Image-based symptom tracking to decompose quantitative resistance in the field

Jonas Anderegg

on  Th, 14:50 ! Livein  CHN C14 (conference room)for  20min

Quantitative disease resistance (QR) is a complex, dynamic trait that is most reliably quantified in field-grown crops. Traditional disease assessments offer limited potential to disentangle the contributions of different components to overall QR. Yet, a better functional understanding of QR could greatly support a more targeted, knowledge-based selection for QR and improve predictions of seasonal epidemics. We have developed a simple, affordable, and easy-to-operate imaging procedure for in-field acquisition of wheat leaf image sequences. The development of Septoria tritici blotch and leaf rusts was monitored over time via robust methods for symptom detection and segmentation, image registration, symptom tracking, and leaf- and symptom characterization.
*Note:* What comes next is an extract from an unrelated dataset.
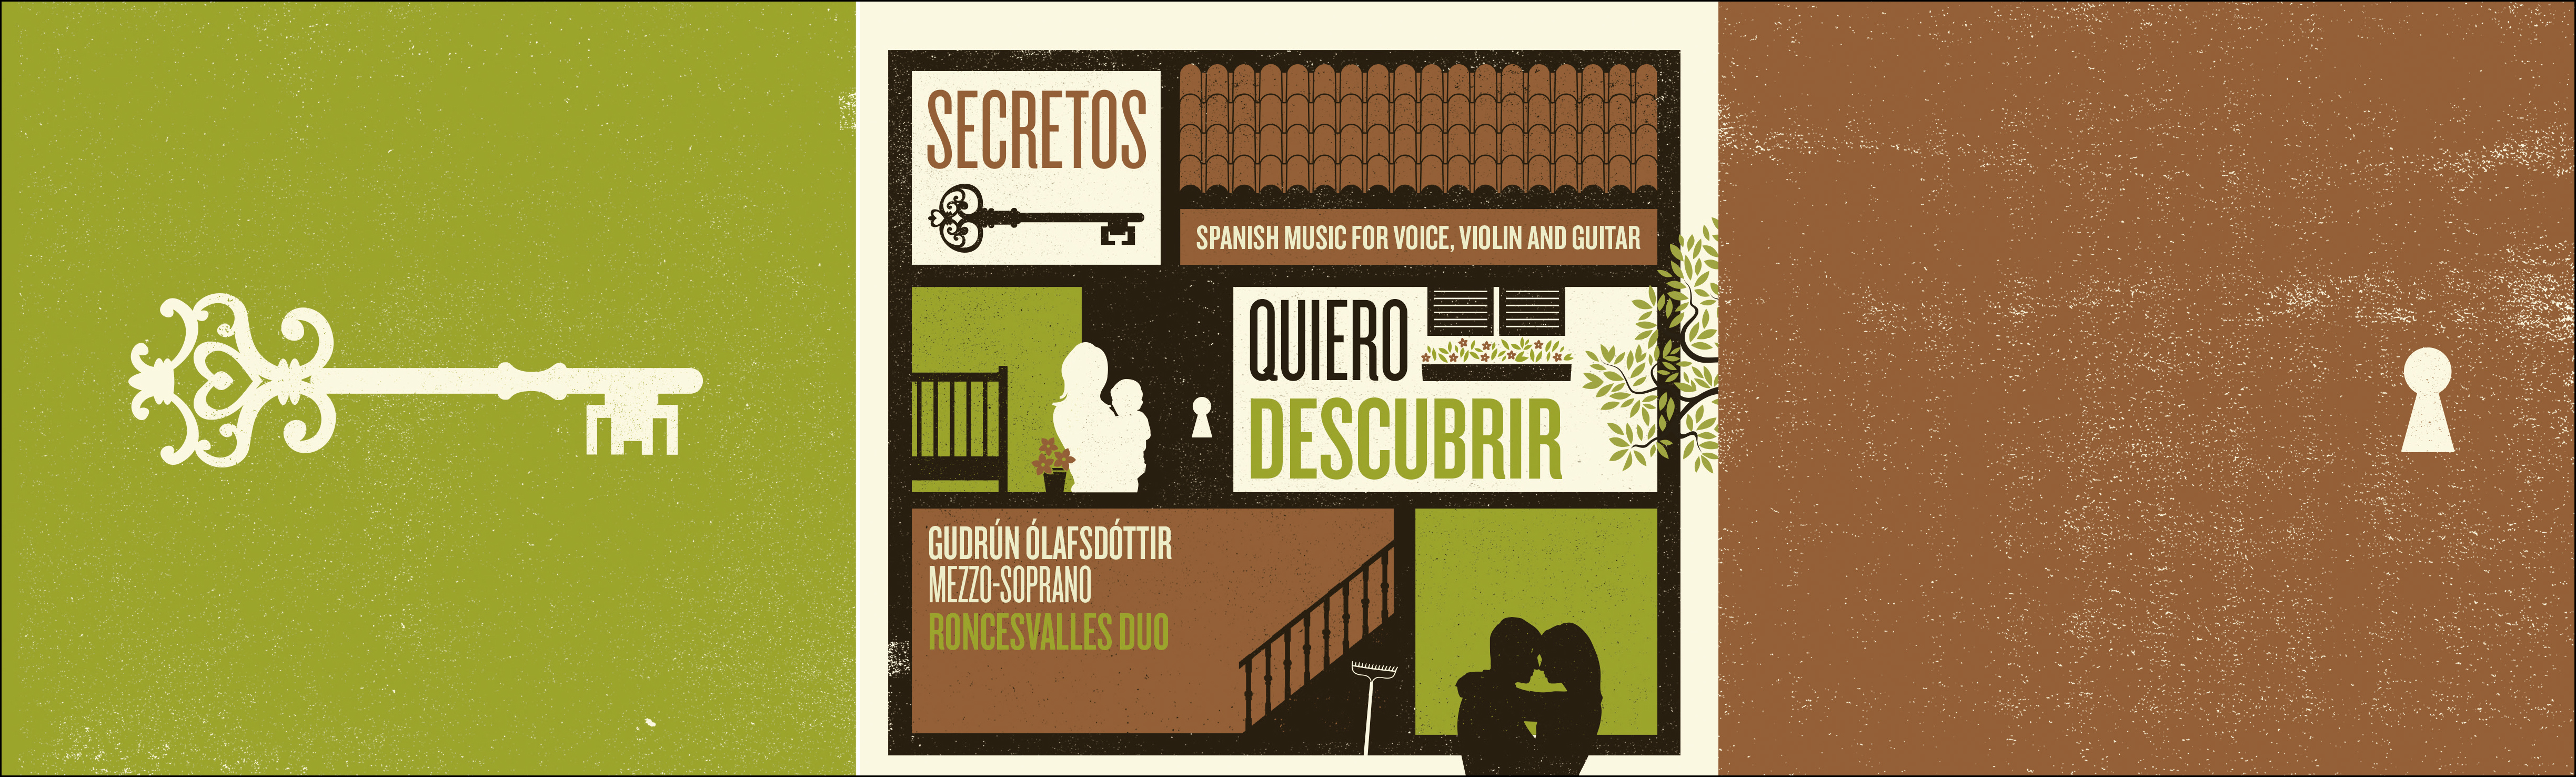 Aglaia Trio-Secretos Quiero Descubrir-CD

Our pilot data enabled the monitoring of 13,538 necrotic lesions on 300 leaves, which provided 72,005 lesion property measurements. Contrasting patterns in lesion numbers and lesion expansion dynamics were observed across wheat cultivars. The number of separate infection events and average lesion size contributed to varying degrees to overall disease intensity, possibly indicating distinct mechanisms of QR. The proposed methodology enables rapid, non-destructive, and reproducible measurement of several key epidemiological parameters under natural field conditions. Such data can support decomposition and functional understanding of QR as well as the parameterization, fine-tuning, and validation of epidemiological models.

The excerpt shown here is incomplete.